Children and adolescents with follicular lymphoma have an excellent prognosis with either limited chemotherapy or with a "watch and wait" strategy after complete resection
Attarbaschi, Andishe × Beishuizen, Auke Mann, Georg Rosolen, Angelo Mori, Tetsuya Uyttebroeck, Anne Niggli, Felix Csoka, Monika Krenova, Zdenka Mellgren, Karin Kabickova, Edita Chiang, Alan Ks Reiter, Alfred Williams, Denise Burkhardt, Birgit on behalf of the European Intergroup for Childhood Non-Hodgkin Lymphoma (EICNHL) and the international Berlin-Frankfurt-Münster (i-BFM) Study Group #
Annals of hematology vol:92 issue:11 pages:1537-41
Data on clinical features and outcome in pediatric follicular lymphoma (pFL) are scarce. The aim of this retrospective study including 13 EICNHL and/or i-BFM study group members was to assess clinical characteristics and course in a series of 63 pFL patients. pFL was found to be associated with male gender (3:1), older age (72 % ≥10 years old), low serum LDH levels (<500 U/l in 75 %), grade 3 histology (in 88 %), and limited disease (87 % stage I/II disease), mostly involving the peripheral lymph nodes.

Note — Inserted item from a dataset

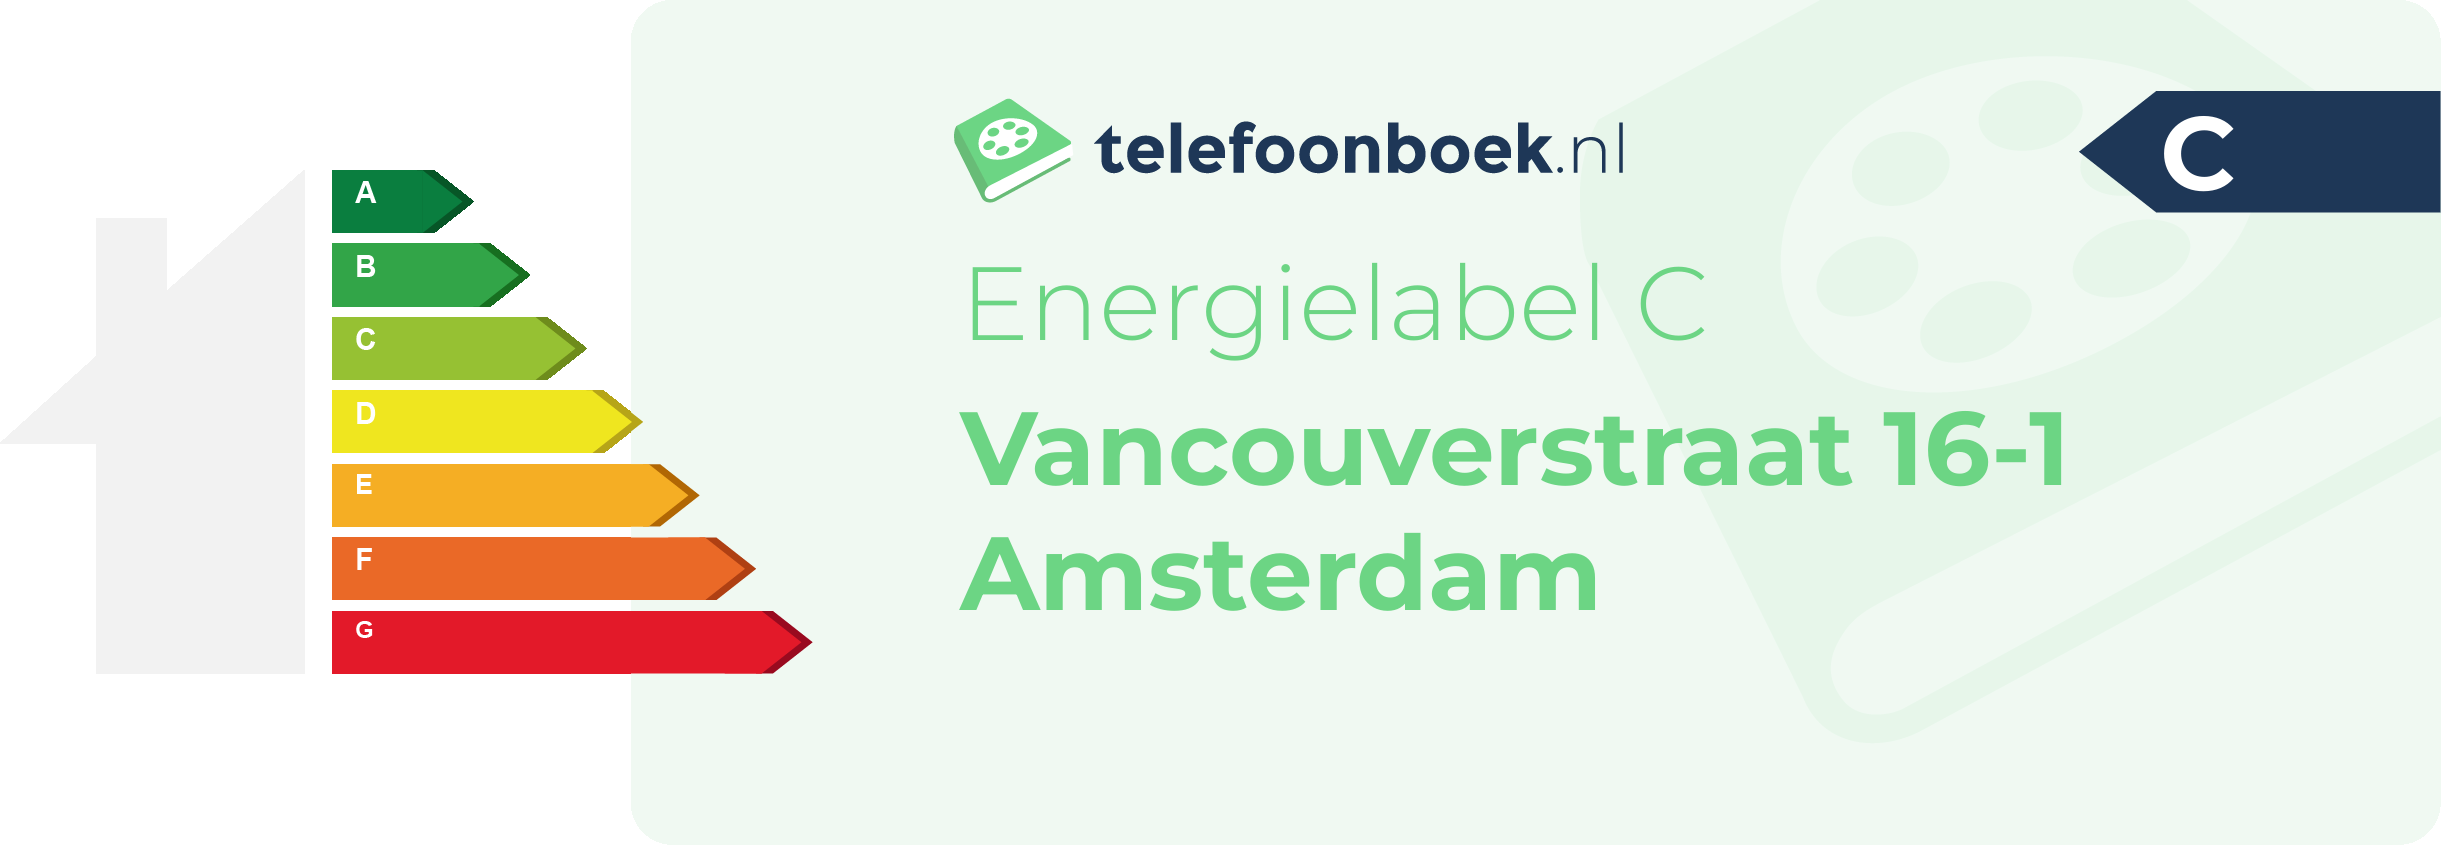 Energielabel Vancouverstraat 16-1 Amsterdam

Forty-four out of sixty-three patients received any polychemotherapy and 1/63 rituximab only, while 17/63 underwent a "watch and wait" strategy. Of 36 stage I patients, 30 had complete resections. Only one patient relapsed; 2-year event-free survival and overall survival were 94 ± 5 and 100 %, respectively, after a median follow-up of 2.2 years. Conclusively, treatment outcome in pFL seems to be excellent with risk-adapted chemotherapy or after complete resection and an observational strategy only.